Connections between collinear and transverse-momentum-dependent polarized observables within the Collins-Soper-Sterman formalism

TL;DR

This paper extends the Collins-Soper-Sterman formalism to polarized observables, specifically analyzing the Sivers effect, and demonstrates the relation between TMD and collinear twist-3 functions within this framework.

Contribution

It generalizes the iCSS $W+Y$ formalism to polarized observables and confirms the TMD-collinear relation for the Sivers function.

Findings

Recovered leading-order collinear twist-3 results from weighted $q_T$ integrals.

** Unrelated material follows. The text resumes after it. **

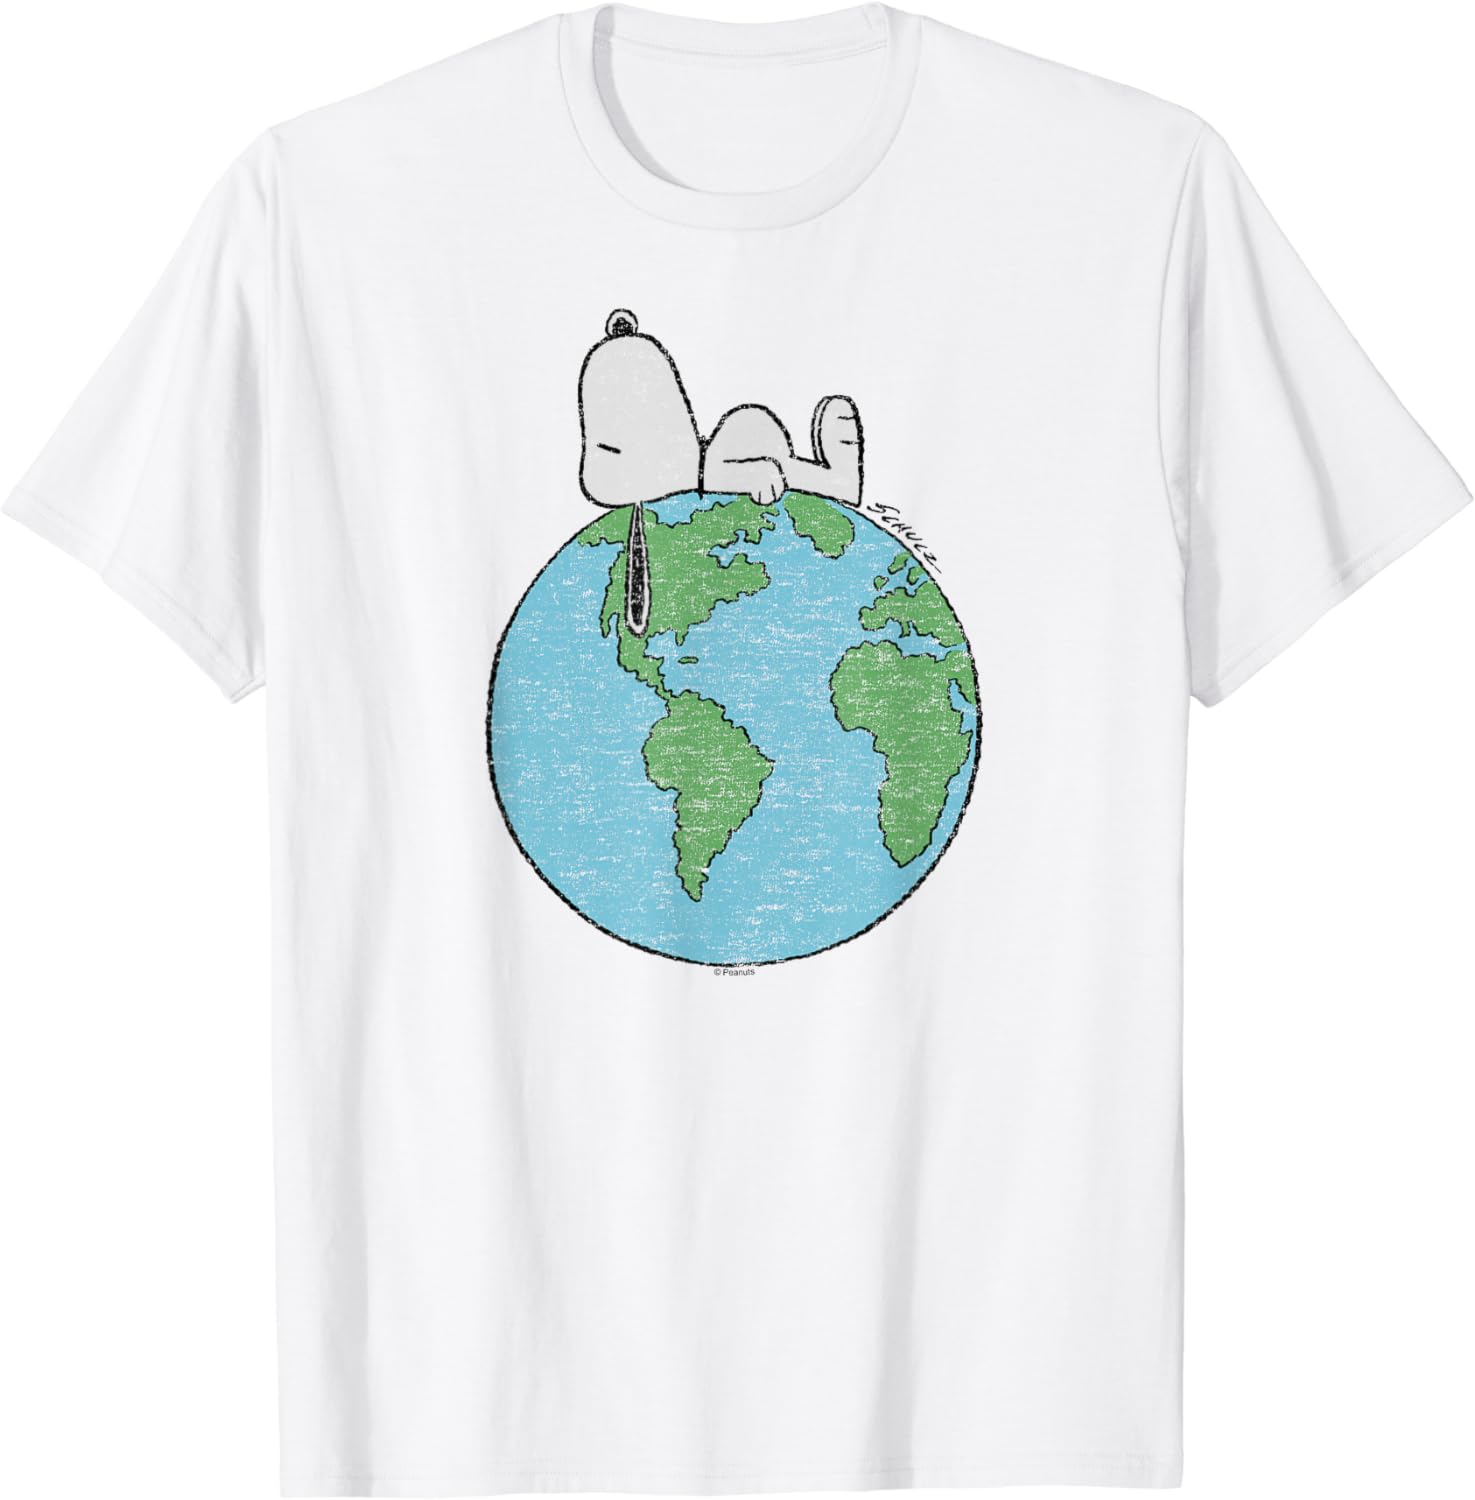 Snoopy Earth Day T-Shirt: A Comfortable Favorite

Validated the relation between the Sivers function and Qiu-Sterman function.

Outlined potential generalizations to other polarized quantities.

Abstract

We extend the improved Collins-Soper-Sterman (iCSS) $W+Y$ construction recently presented in~\cite{Collins:2016hqq} to the case of polarized observables, where we focus in particular on the Sivers effect in semi-inclusive deep-inelastic scattering. We further show how one recovers the expected leading-order collinear twist-3 result from a (weighted) $q_T$-integral of the differential cross section. We are also able to demonstrate the validity of the well-known relation between the (TMD) Sivers function and the (collinear twist-3) Qiu-Sterman function within the iCSS framework. This relation allows for their interpretation as functions yielding the average transverse momentum of unpolarized quarks in a transversely polarized spin-$\frac{1}{2}$ target. We further outline how this study can be generalized to other polarized quantities.